→ **EXERCISE GOAL**
Among the lines below, a stretch begins at the one with "NEXT2SKIN Men Woolen" and ends at the one with "تحقیق تجربی بر". Repeat that stretch exactly, ends included.

→ **SUPPLIED DATA**
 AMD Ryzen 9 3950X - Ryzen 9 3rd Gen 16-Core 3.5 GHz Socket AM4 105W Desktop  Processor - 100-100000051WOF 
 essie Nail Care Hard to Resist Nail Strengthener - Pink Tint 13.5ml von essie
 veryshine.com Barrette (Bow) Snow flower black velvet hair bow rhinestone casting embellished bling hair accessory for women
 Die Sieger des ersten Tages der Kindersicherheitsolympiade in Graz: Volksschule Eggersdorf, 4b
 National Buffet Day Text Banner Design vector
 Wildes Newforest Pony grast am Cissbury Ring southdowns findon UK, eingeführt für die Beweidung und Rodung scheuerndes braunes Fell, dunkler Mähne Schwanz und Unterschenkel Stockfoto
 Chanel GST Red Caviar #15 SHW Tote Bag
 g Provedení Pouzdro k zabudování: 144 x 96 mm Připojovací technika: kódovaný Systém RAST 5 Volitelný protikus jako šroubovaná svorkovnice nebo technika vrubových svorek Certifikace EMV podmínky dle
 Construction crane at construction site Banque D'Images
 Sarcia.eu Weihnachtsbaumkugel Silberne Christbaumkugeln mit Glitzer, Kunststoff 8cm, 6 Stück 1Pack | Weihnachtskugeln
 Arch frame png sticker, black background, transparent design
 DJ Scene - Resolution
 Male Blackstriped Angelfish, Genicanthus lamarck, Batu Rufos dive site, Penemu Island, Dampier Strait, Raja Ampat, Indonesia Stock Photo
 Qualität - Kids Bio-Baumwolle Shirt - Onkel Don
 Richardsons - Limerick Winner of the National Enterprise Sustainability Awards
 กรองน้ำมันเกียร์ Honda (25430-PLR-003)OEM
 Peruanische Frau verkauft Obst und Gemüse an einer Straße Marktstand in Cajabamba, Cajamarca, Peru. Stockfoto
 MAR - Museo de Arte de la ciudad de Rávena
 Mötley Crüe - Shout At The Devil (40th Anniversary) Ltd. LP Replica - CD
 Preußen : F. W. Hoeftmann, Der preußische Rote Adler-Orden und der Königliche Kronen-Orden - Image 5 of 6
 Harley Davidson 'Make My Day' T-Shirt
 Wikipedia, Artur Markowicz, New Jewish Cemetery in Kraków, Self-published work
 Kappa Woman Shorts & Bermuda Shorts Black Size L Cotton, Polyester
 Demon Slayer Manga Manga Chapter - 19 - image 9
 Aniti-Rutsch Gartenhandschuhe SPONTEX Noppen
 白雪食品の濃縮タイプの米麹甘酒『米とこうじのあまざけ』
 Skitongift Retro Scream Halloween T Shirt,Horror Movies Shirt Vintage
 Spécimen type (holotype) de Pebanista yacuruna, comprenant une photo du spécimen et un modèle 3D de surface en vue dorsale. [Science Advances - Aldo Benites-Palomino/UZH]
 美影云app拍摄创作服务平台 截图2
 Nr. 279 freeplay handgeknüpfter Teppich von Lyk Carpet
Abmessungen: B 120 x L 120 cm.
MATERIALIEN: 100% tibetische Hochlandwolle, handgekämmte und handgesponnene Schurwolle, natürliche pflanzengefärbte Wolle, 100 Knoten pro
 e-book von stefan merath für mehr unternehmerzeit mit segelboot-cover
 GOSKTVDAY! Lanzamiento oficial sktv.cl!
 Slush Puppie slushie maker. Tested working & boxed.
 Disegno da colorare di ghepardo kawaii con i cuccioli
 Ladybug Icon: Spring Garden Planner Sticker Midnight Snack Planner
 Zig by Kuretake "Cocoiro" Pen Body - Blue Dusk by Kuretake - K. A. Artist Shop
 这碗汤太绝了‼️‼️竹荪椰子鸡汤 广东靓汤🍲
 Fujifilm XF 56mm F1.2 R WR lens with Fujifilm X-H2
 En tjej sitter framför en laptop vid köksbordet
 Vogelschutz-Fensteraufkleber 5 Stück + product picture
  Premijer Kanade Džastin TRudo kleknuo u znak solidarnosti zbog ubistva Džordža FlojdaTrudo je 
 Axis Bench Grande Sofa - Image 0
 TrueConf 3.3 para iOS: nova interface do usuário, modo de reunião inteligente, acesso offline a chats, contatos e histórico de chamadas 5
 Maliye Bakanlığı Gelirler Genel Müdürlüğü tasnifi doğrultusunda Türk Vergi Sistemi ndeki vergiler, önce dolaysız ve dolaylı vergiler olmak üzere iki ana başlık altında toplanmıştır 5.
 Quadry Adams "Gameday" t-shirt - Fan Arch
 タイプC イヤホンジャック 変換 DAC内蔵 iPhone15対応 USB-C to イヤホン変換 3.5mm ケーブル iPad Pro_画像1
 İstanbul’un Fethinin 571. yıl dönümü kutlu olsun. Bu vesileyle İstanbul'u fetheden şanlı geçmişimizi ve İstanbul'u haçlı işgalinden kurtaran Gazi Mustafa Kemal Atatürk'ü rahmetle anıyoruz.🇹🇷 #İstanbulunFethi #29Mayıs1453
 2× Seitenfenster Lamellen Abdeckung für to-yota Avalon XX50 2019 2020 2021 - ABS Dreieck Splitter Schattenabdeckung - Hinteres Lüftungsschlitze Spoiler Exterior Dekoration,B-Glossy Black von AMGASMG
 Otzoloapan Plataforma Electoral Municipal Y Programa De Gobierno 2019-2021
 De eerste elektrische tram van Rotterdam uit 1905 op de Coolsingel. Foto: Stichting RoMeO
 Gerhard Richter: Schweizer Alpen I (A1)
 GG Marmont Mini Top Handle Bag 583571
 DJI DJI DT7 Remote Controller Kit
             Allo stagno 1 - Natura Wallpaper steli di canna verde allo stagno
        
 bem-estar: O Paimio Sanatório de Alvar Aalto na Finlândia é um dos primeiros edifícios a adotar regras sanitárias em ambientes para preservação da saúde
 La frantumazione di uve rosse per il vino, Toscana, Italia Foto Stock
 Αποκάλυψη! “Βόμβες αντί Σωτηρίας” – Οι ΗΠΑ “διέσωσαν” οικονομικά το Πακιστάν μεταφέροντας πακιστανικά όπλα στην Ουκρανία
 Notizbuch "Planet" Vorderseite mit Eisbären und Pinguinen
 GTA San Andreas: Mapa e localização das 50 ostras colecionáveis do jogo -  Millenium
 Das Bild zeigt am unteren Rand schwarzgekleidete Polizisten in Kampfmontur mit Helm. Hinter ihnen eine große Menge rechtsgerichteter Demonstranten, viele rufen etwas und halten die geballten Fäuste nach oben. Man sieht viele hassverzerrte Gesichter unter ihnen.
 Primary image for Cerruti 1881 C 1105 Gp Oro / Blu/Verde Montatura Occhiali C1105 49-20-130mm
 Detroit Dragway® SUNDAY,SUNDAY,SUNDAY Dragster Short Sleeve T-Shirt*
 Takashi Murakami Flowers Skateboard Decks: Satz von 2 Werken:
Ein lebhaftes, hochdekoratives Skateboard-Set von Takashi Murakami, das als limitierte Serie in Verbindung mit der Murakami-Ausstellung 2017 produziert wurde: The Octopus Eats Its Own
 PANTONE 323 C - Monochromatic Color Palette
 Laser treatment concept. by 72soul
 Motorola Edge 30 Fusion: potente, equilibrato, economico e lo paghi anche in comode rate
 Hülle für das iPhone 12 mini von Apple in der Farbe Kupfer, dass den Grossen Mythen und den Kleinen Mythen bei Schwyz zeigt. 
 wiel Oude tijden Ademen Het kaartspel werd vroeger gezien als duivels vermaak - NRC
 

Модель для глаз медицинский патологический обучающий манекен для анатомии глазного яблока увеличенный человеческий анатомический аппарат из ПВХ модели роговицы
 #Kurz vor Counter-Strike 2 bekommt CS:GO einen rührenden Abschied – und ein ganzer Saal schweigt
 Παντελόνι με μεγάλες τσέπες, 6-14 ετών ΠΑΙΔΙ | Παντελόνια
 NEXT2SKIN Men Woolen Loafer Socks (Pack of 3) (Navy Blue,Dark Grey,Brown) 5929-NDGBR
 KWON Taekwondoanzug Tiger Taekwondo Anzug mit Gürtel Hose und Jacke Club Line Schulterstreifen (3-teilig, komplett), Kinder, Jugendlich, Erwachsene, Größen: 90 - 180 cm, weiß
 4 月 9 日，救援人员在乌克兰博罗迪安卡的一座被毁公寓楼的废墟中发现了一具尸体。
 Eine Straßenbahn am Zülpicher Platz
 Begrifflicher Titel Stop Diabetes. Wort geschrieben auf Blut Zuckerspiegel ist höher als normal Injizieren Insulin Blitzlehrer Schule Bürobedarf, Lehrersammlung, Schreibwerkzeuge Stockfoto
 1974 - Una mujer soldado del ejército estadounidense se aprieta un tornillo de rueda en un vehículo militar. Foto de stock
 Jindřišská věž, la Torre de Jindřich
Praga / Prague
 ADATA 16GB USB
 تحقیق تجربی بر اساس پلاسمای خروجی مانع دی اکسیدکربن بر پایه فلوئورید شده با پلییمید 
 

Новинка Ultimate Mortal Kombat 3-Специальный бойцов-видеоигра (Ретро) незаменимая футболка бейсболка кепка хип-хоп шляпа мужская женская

→ **PROBLEM SOLUTION**
 NEXT2SKIN Men Woolen Loafer Socks (Pack of 3) (Navy Blue,Dark Grey,Brown) 5929-NDGBR
 KWON Taekwondoanzug Tiger Taekwondo Anzug mit Gürtel Hose und Jacke Club Line Schulterstreifen (3-teilig, komplett), Kinder, Jugendlich, Erwachsene, Größen: 90 - 180 cm, weiß
 4 月 9 日，救援人员在乌克兰博罗迪安卡的一座被毁公寓楼的废墟中发现了一具尸体。
 Eine Straßenbahn am Zülpicher Platz
 Begrifflicher Titel Stop Diabetes. Wort geschrieben auf Blut Zuckerspiegel ist höher als normal Injizieren Insulin Blitzlehrer Schule Bürobedarf, Lehrersammlung, Schreibwerkzeuge Stockfoto
 1974 - Una mujer soldado del ejército estadounidense se aprieta un tornillo de rueda en un vehículo militar. Foto de stock
 Jindřišská věž, la Torre de Jindřich
Praga / Prague
 ADATA 16GB USB
 تحقیق تجربی بر اساس پلاسمای خروجی مانع دی اکسیدکربن بر پایه فلوئورید شده با پلییمید 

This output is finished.